EDGE tax credit program expires, but extension passes Illinois House

EDGE tax credit program expires, but extension passes Illinois House

Illinois’ EDGE tax credit program expired April 30; however, proponents of EDGE have passed a one-month extension in the Illinois House of Representatives.

The Economic Development for a Growing Economy, or EDGE, tax credit program expired April 30. However, lawmakers who support EDGE are working to keep the program alive. House Bill 1125, which passed the Illinois House April 28, would extend EDGE until May 31, 2017.

The EDGE program is intended to provide incentives to companies to create new jobs in Illinois by giving them tax credits for new hires. But the program’s efficacy is questionable. Since the program started in 2001, EDGE has spent more than $1.3 billion in tax credits for politically connected companies. EDGE’s advocates claim the program has created at least 34,000 jobs in Illinois, but despite all those taxpayer dollars, Illinois is still nearly 20,000 jobs short of the peak employment it achieved in September 2000.

EDGE has a sunset provision and was originally scheduled to end permanently Dec. 31, 2016. But in January 2017, lawmakers and Gov. Bruce Rauner extended EDGE’s expiration date to April 30.

The chief sponsor of HB 1125 is state Rep. Natalie Manley, D-Joliet, although House Speaker Mike Madigan originally filed the bill in January 2017. While HB 1125 passed the House April 28, it cannot make it to the other chamber until the Senate reconvenes May 2.

The vote to extend EDGE won in a landslide with 107 yes votes to only three nays. Two Republicans and one Democrat voted against the measure: state Rep. Scott Drury, D-Highwood, state Rep. David McSweeney, R-Barrington Hills and state Rep. Mark Batinick, R-Plainfield.

“Big companies are getting these tax breaks,” McSweeney told the Alton Daily News. “I want big companies to come to Illinois, but small businesses are creating 80 percent of the jobs. Why are we picking winners and losers?

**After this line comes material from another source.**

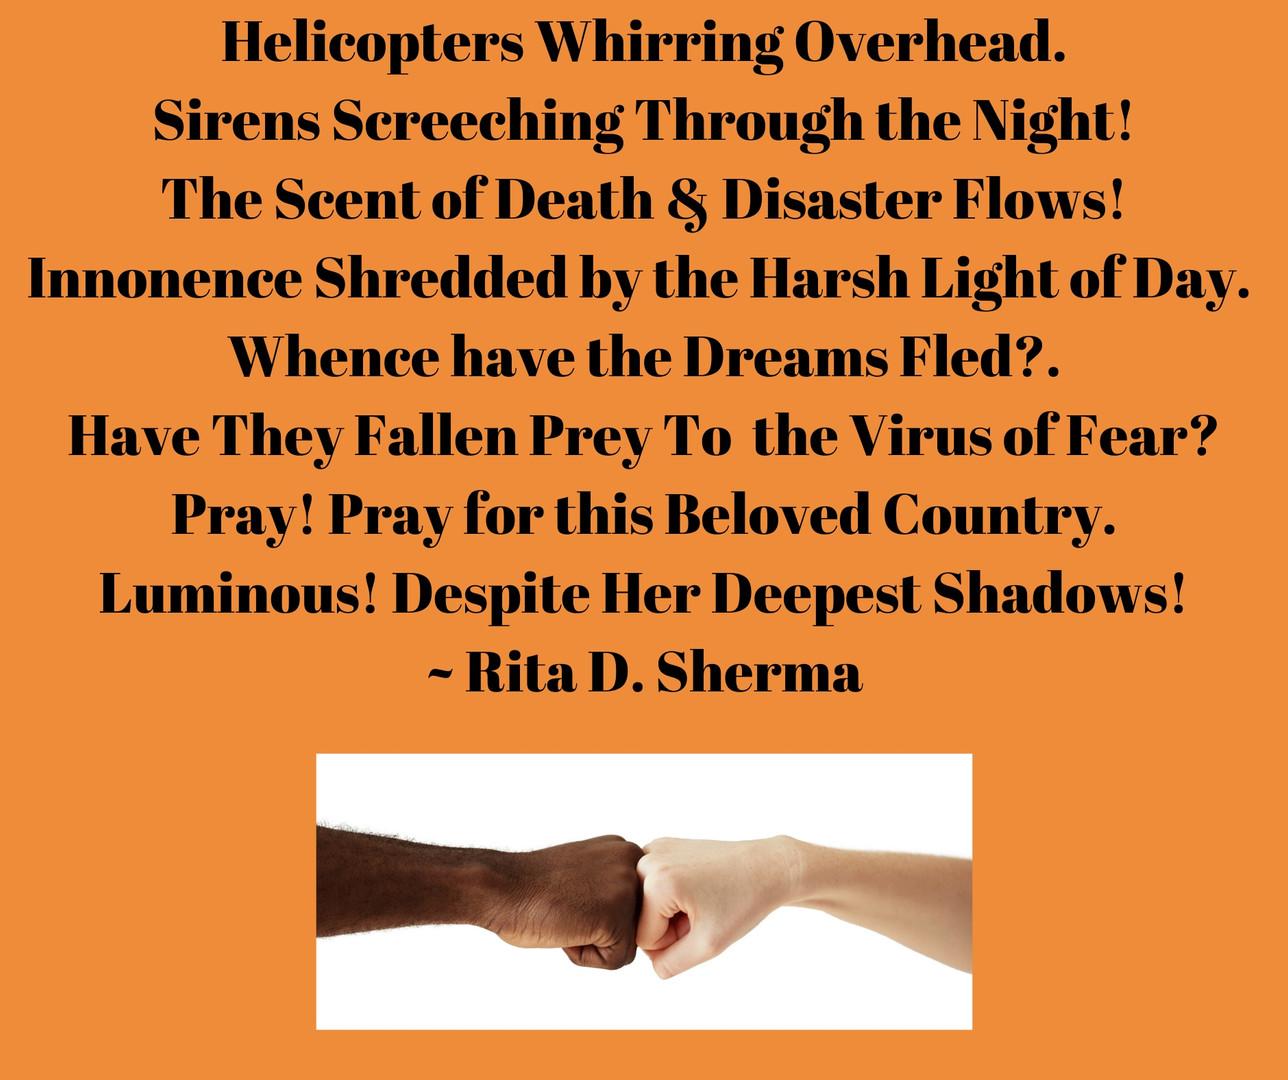 Poem by Rita D. Sherma

Government officials cannot pick winners and losers.”

And while multibillion-dollar companies like Amazon receive continue to receive tax breaks from the state, Illinois residents face some of the highest property taxes in the nation and some of the slowest economic growth in the country.

Rather than continue selective tax breaks for the politically connected, Illinois lawmakers should focus on passing real tax relief for all residents and businesses and implementing pro-growth reforms that would make Illinois an attractive state for a wide range of job creators.